EXERCISE DATA ->
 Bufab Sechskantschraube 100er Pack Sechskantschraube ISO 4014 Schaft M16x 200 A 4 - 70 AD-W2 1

==

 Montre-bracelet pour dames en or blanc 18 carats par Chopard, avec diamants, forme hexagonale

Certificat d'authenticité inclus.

EXERCISE INSTRUCTIONS -> In the entries above, one line contains "Montre-bracelet pour dames" and another contains "Certificat d'authenticité inclus.". Reproduce exactly those two lines and the lines between them, nothing else.

SOLUTION TO THIS EXERCISE ->
 Montre-bracelet pour dames en or blanc 18 carats par Chopard, avec diamants, forme hexagonale

Certificat d'authenticité inclus.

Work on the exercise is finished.